◆ Data shown:
■ ■ ■ ■
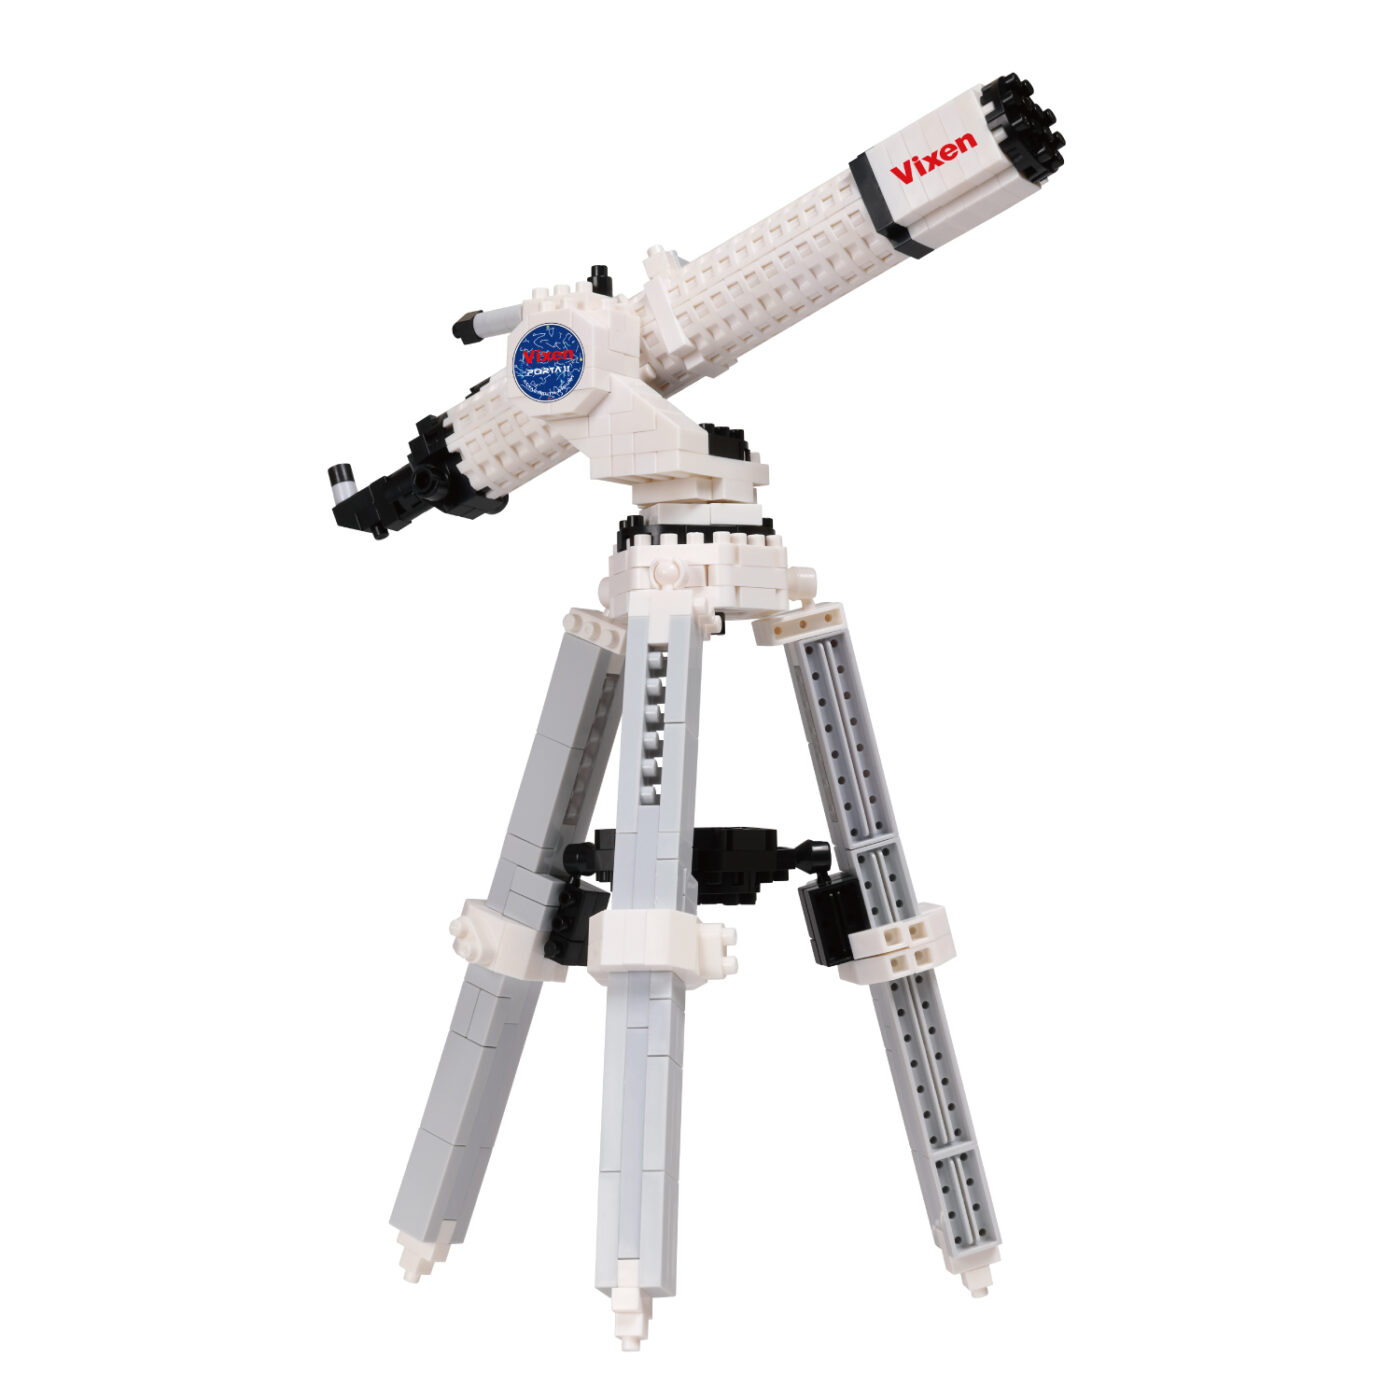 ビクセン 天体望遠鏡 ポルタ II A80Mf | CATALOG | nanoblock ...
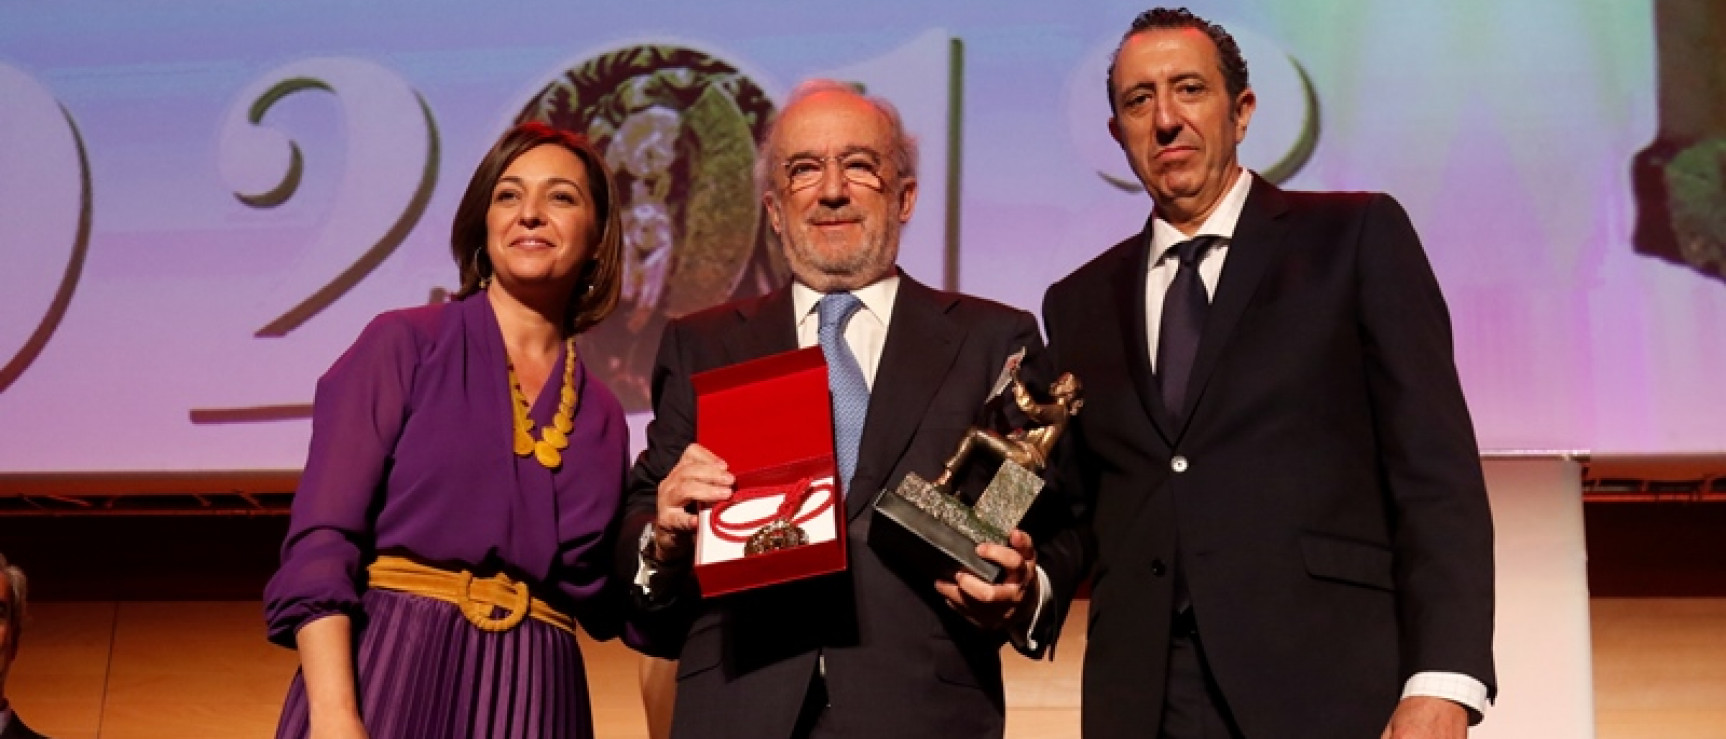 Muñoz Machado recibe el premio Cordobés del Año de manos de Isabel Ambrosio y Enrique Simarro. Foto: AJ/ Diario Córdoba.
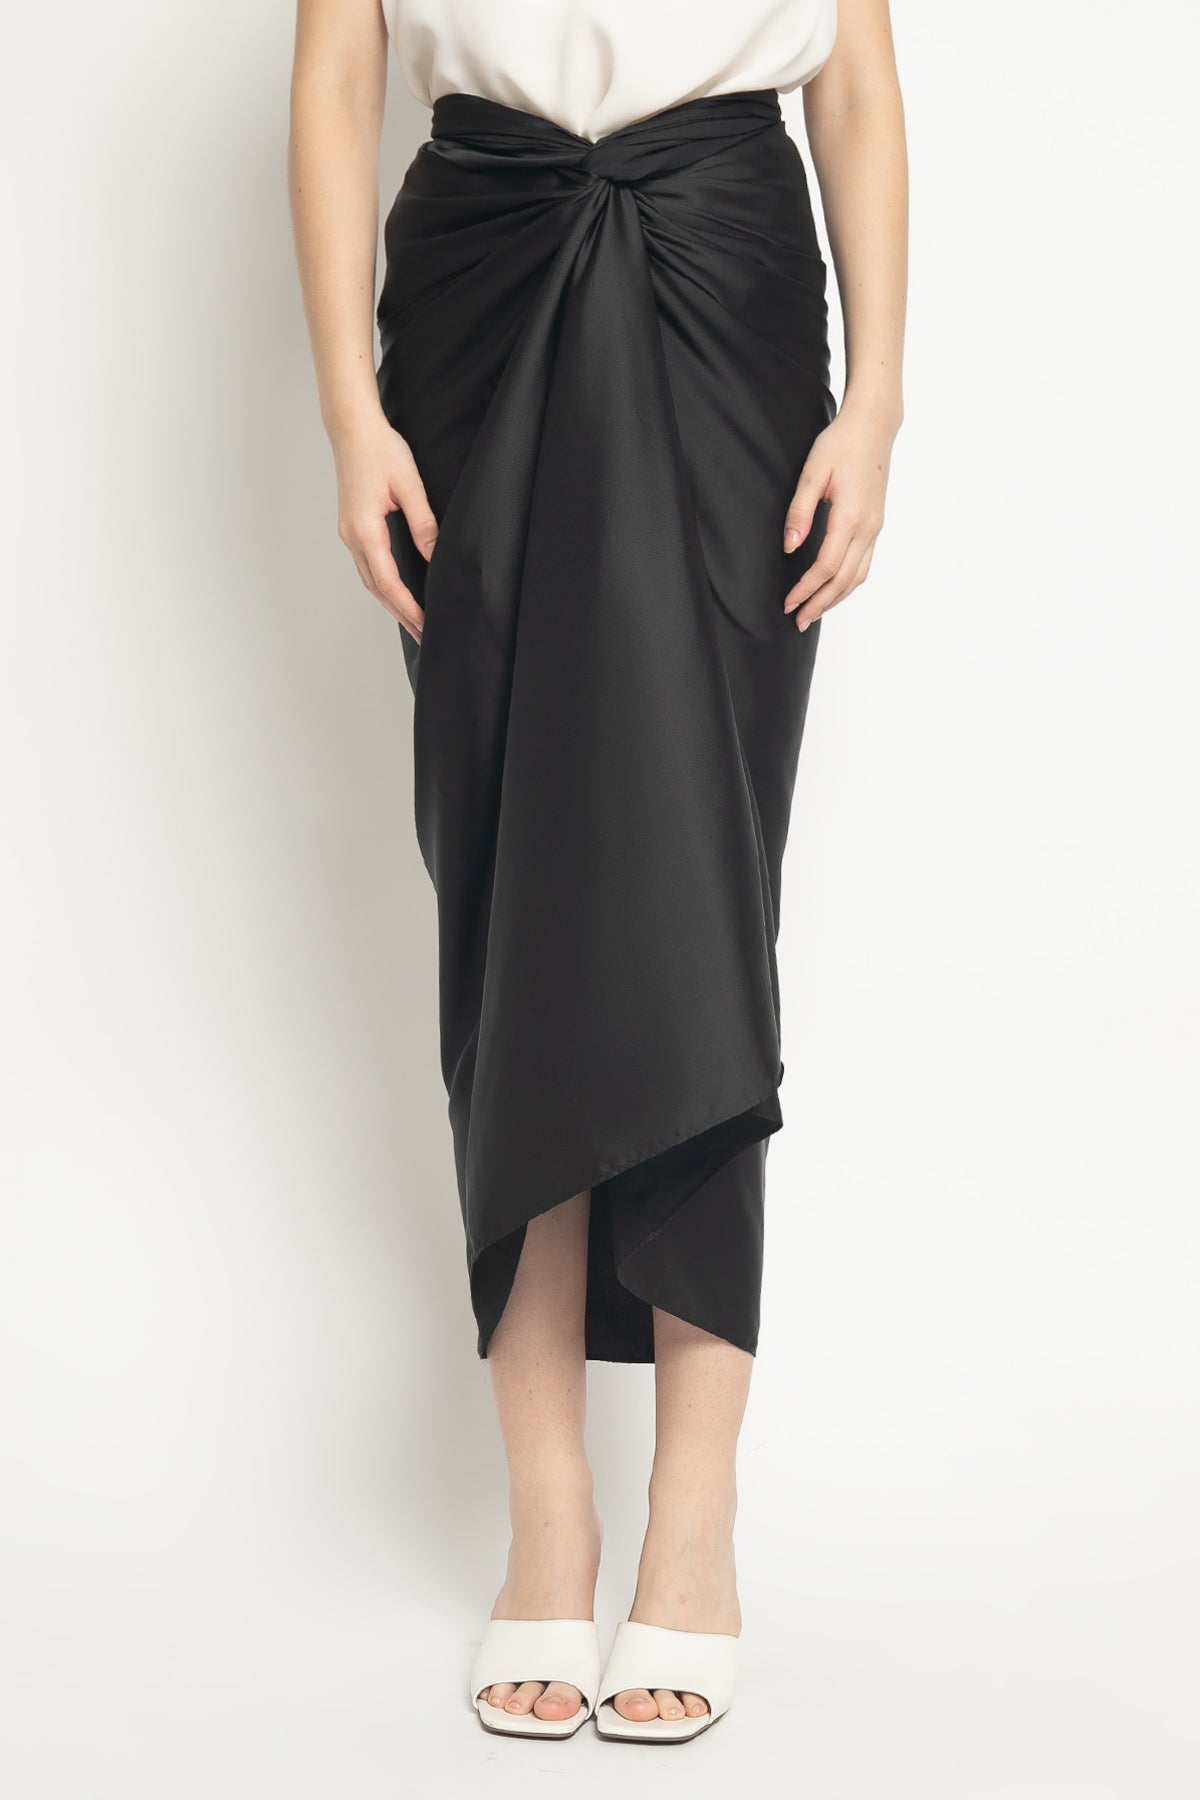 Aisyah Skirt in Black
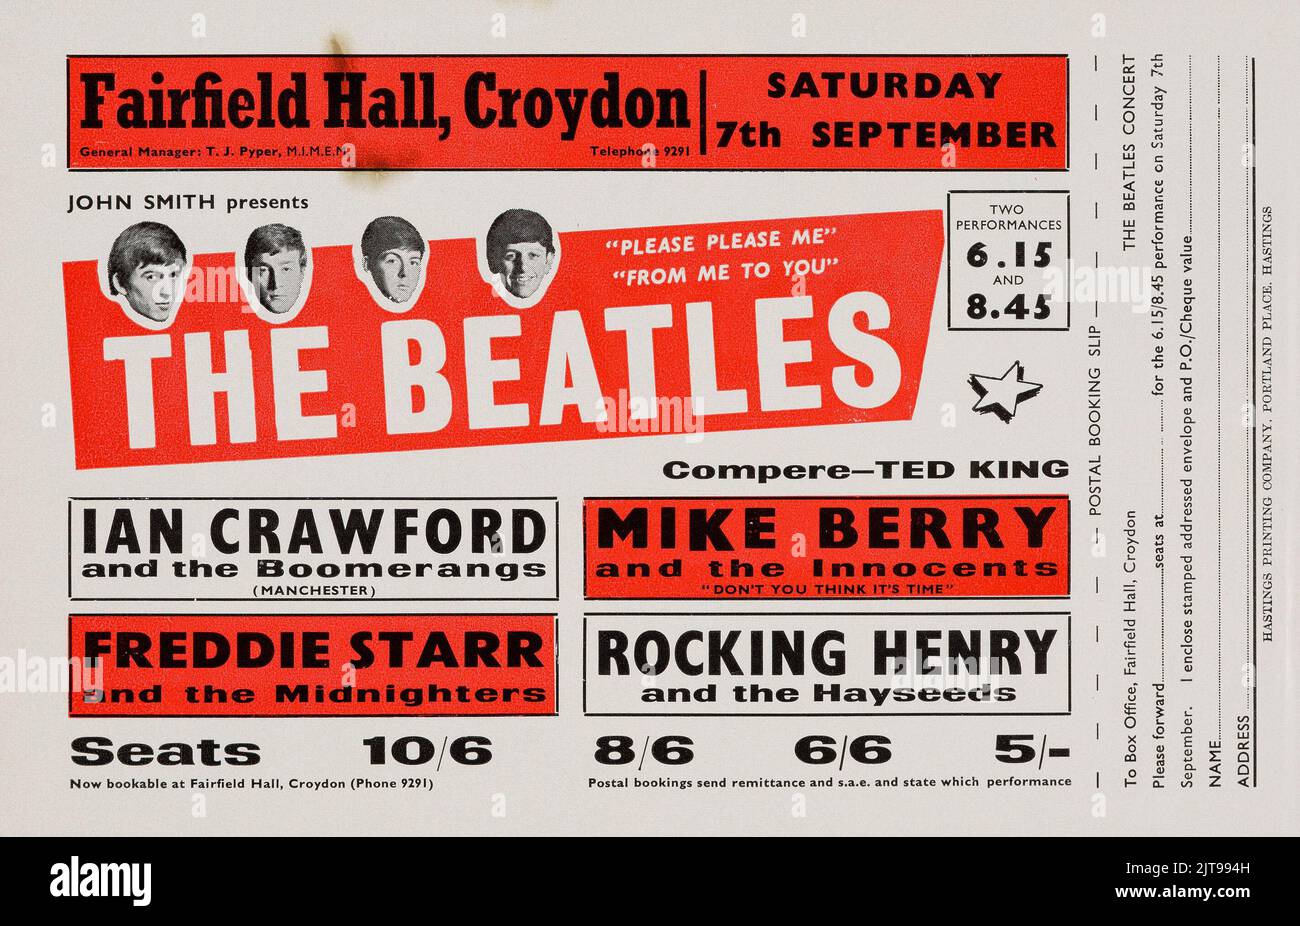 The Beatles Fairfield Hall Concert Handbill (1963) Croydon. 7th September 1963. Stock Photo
■ ■ ■ ■
◆ Directions: Please retype the whole of the data precisely, omitting pictures.

◆ Your response:
 ビクセン 天体望遠鏡 ポルタ II A80Mf | CATALOG | nanoblock ...
 Muñoz Machado recibe el premio Cordobés del Año de manos de Isabel Ambrosio y Enrique Simarro. Foto: AJ/ Diario Córdoba.
 Aisyah Skirt in Black
 The Beatles Fairfield Hall Concert Handbill (1963) Croydon. 7th September 1963. Stock Photo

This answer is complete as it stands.